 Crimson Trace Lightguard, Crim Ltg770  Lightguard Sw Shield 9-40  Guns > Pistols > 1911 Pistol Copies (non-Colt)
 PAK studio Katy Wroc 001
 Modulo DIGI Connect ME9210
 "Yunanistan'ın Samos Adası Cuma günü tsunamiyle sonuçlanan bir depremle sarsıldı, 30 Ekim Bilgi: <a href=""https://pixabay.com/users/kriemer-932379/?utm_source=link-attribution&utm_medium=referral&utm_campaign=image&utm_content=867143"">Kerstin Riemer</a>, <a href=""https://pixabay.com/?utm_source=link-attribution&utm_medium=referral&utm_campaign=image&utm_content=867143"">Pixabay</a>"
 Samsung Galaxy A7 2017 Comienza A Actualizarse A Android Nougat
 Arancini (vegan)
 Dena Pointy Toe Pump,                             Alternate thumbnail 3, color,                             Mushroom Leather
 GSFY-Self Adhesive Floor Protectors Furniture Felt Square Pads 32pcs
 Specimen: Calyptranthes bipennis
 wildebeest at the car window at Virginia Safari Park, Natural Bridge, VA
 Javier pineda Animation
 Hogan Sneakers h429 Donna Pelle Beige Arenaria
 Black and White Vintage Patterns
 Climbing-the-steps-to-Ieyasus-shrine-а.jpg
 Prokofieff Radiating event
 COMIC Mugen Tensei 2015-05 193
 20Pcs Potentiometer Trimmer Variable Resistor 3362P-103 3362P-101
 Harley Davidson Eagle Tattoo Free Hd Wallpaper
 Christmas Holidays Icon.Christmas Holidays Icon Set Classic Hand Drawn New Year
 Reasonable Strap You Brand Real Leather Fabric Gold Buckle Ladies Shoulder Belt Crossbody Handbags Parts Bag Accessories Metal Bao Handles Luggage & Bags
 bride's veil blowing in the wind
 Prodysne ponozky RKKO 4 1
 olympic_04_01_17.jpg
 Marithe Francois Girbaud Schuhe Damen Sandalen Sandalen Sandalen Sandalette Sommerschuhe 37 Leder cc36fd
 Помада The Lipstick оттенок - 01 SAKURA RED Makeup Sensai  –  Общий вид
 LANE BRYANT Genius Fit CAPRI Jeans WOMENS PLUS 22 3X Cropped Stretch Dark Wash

__________

In the material above, find the line containing "PAK studio Katy Wroc 001" and the line containing "Modulo DIGI Connect ME9210", then write out exactly those two lines and every line between them, and nothing more.

 PAK studio Katy Wroc 001
 Modulo DIGI Connect ME9210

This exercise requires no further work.